Following EU agreement, the deal came into effect on January 31 of the same year and the transition period began.

David Frost and Michel Barnier, Britain and the EU’s chief Brexit negotiators respectively, negotiated a deal right up to the eleventh hour.

Trade unionist Paul Embery told last year: “The crucial negotiations always go down to the wire.

“It’s always about posturing and eyeballing each other, it’s a game of poker, that’s the truth of it.

I suspect the deal will be done quite late on, at the eleventh-hour, because I think it’s in the interests of both sides for a deal to be done.”

A largely favourable deal was indeed done with the bloc, and the UK has also put pen to paper on several other new deals around the world.

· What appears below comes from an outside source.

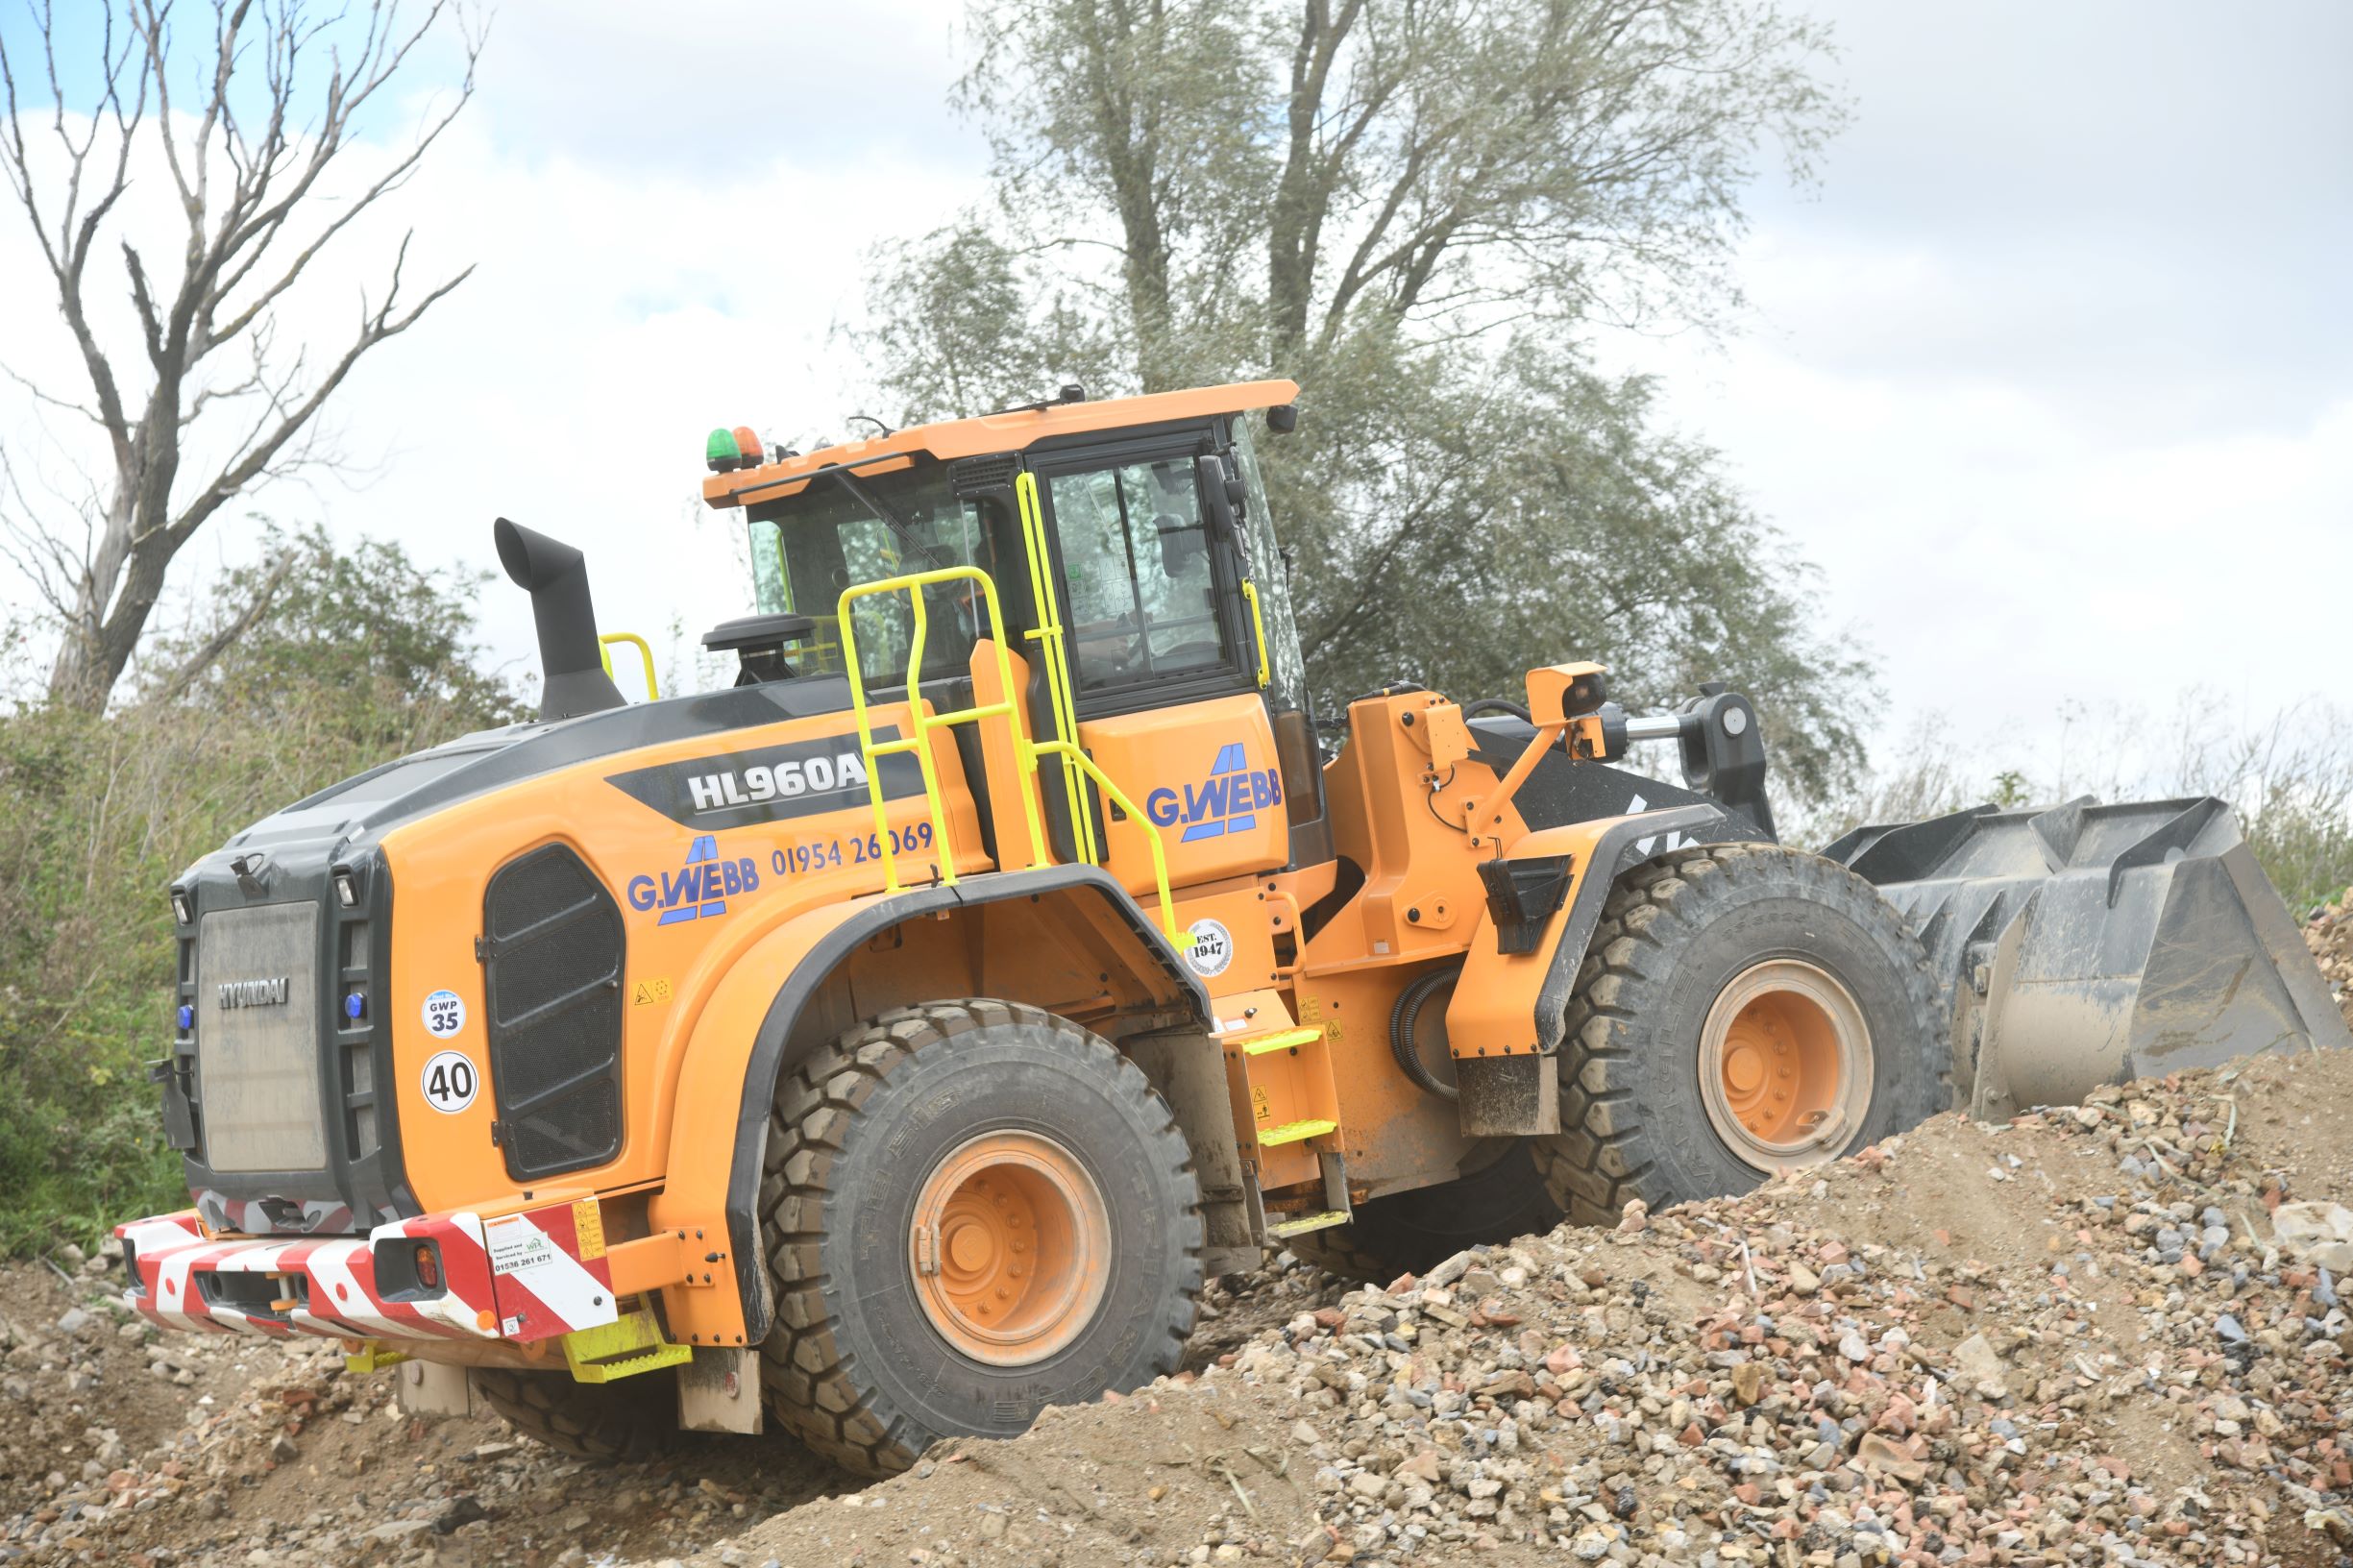  G Webb Haulage's new Hyundai HL960A wheeled loader in operation at Little Paxton quarry

More recently, however, some industry bosses have noted disruptions to UK supply chains as a result of Brexit.

Supermarkets including Tesco have warned of shortages unless post-Brexit visa rules for EU workers are eased by the Government. The chairman of Tesco, the UK’s biggest supermarket, warned of a shortfall of almost 100,000 HGV drivers.

But the Government has thus far stood firm, and will continue to honour the result of the referendum.

A Home Office spokesperson said: “The British people repeatedly voted to end free movement and take back control of our immigration system.

“Employers should invest in our domestic workforce instead of relying on labour from abroad.”